The extremely soft lens of the eye allows for rapid accommodation. This ability to quickly refocus between near and far assists in prey identification and self protection. In addition, the eyes are partially atonomous which allows some independent monocular vision to the sides.

Bald eagle eyes are imposing, and change in color over several years from a chick's dark brown to a mature's buff or bright yellow.

Eagles have fairly distinctive eyebrows that provide additional protection from injury. The eyebrow also shades the eye from the glare of the sun above. This is especially beneficial to a bird that spends a significant amount of time soaring the skys in search of prey below. When the nictitating membrane is closed it provides enough filtration to allow an eagle to spot an overhead intruder even when looking directly at the sun.

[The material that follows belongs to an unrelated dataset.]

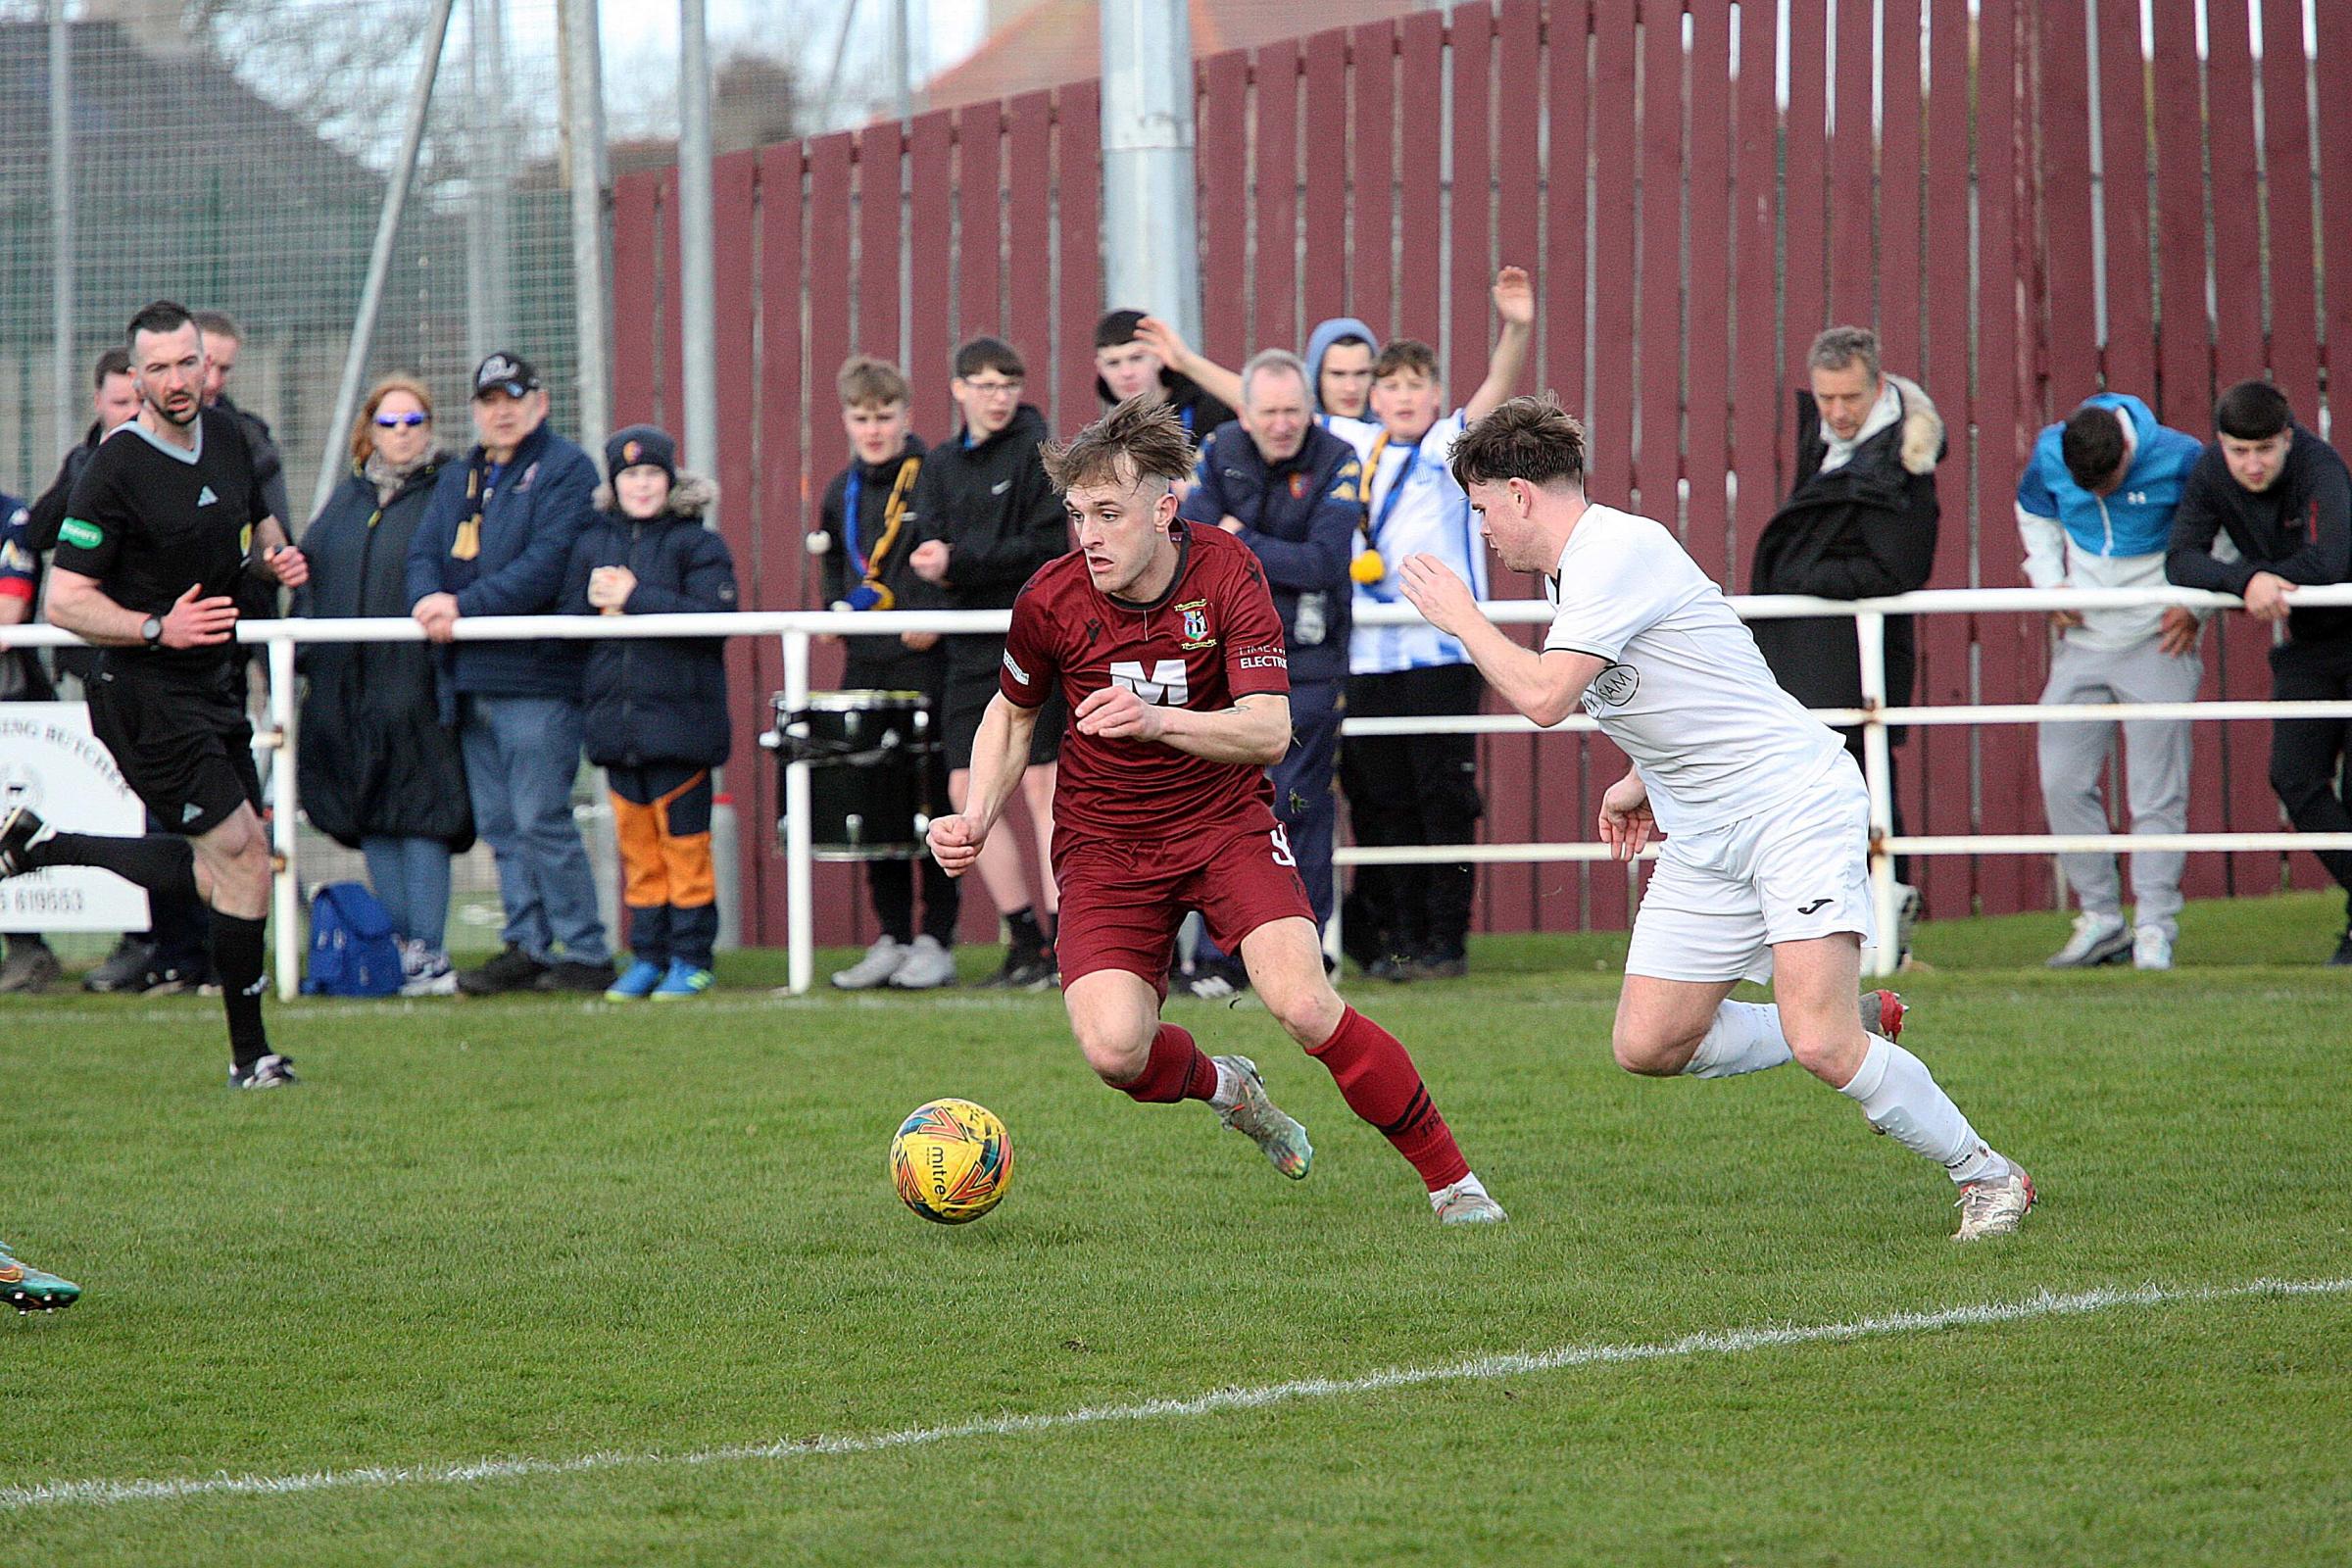 Tranent (maroon) saw their hopes of the South of Scotland Challenge Cup ended by East Kilbride

An eagle's retina differs from a human's in several ways. The human retina has a single depression called a fovea. It contains the highest concentration of sensory cells and provides the maximum optical resolution. Not only does the eagle eye fovea contain a denser concentration of sensory cells (for a larger and sharper image) but there are two of them in each eye! One fovea optimizes monocular vision to the side and the other optimizes binocular vision to the front.

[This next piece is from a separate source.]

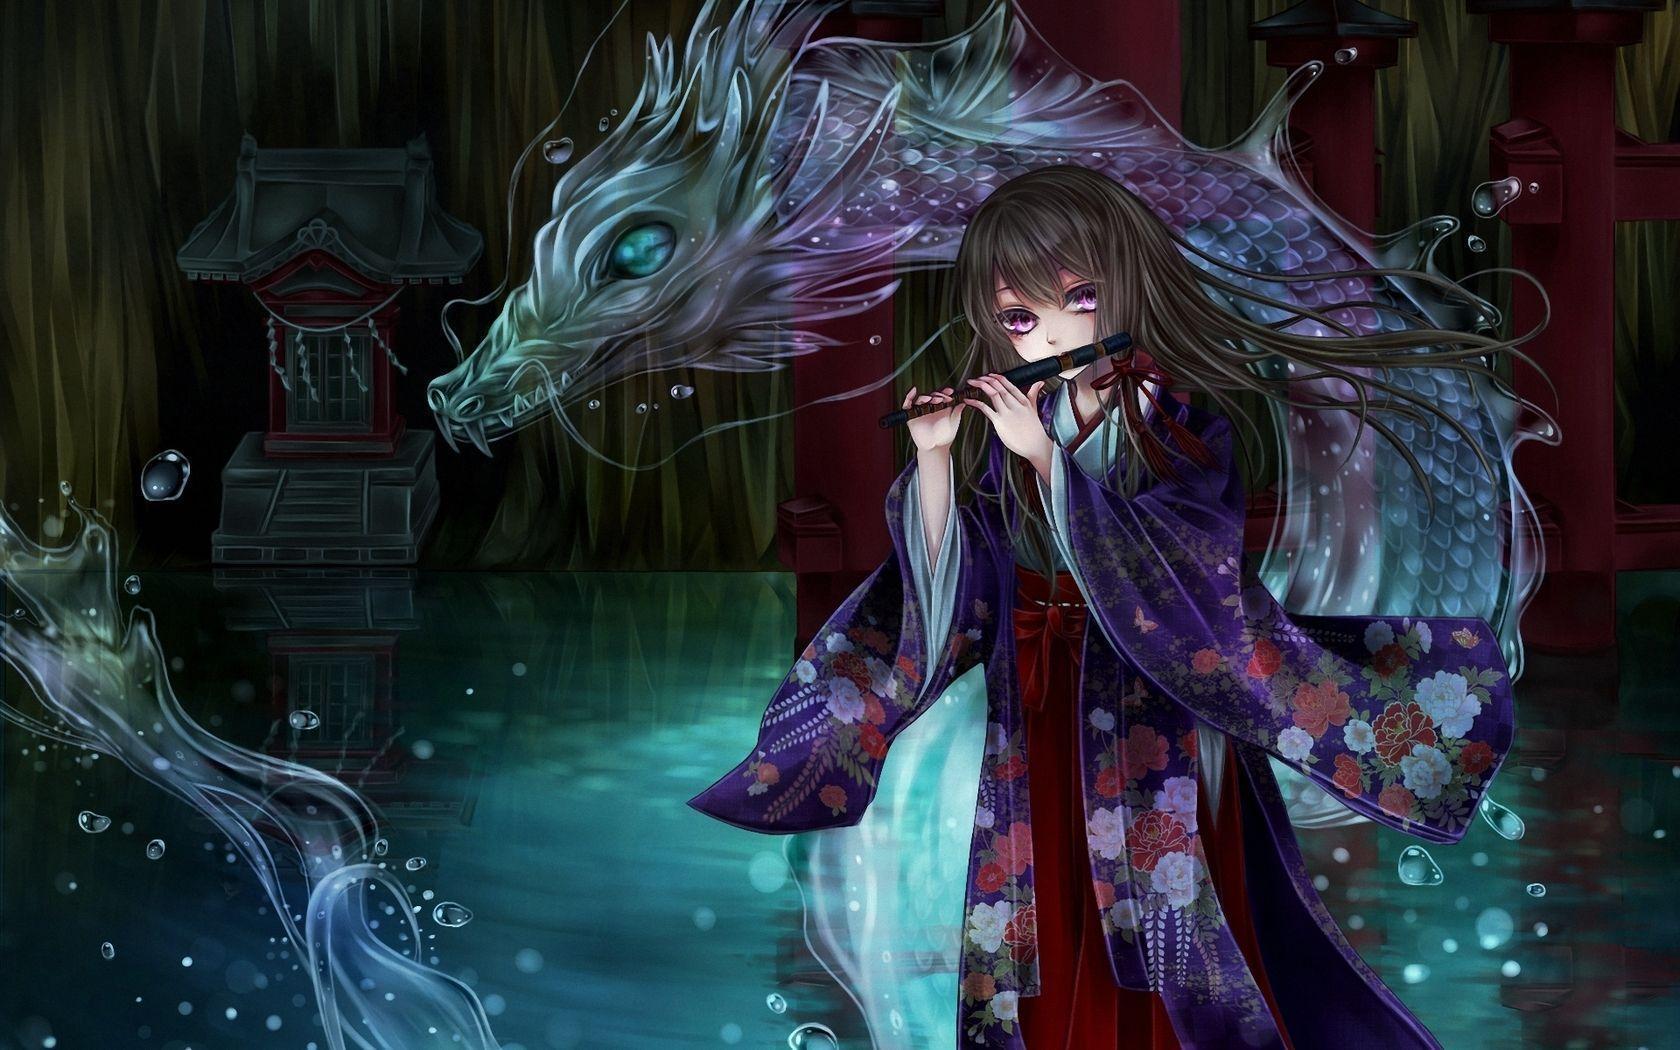 ponytail, long hair, anime, anime girls, Chinese dragon, portrait display,  dragon, creature, weapon, snow, horns, sword, glowing eyes | 2160x4596  Wallpaper - wallhaven.cc

An eagle's retina contains rods for faint light perception and cones for color perception just like a human's. However, the eagle retina has many more cones than rods. When there is ample light an eagle can distinguish well hidden prey from it surroundings. In low light conditions, the ability to differentiate color diminishes and the eagle sees objects in varying shades of gray. The reduced number of rods limits the eagle's night vision and explains why the eagle normally hunts after first light or during the day.

Eagles (along with all birds, fishes and reptiles) have a peculiar structure in the eye called a pectin. It is a fan shaped tissue that is attached to the retina and protrudes into the central part of the eye. It is full of blood vessels and may supply oxygen to the retina.

An eagle's eye is a complex structure which provides a truly remarkable sense of sight."

-members.aol.com/EglAdvocat/ornith.html#eyes

I don't know why, but reading this sort of stuff really motivates me, even more than success anecdotes! Perhaps we should move from the study of the bates method, and learn even more about how we can sharpen our vision by studying animals like the hawk and eagle... Maybe one day we will learn to have two foveas - damn that would be too cool. Cloning - anyone?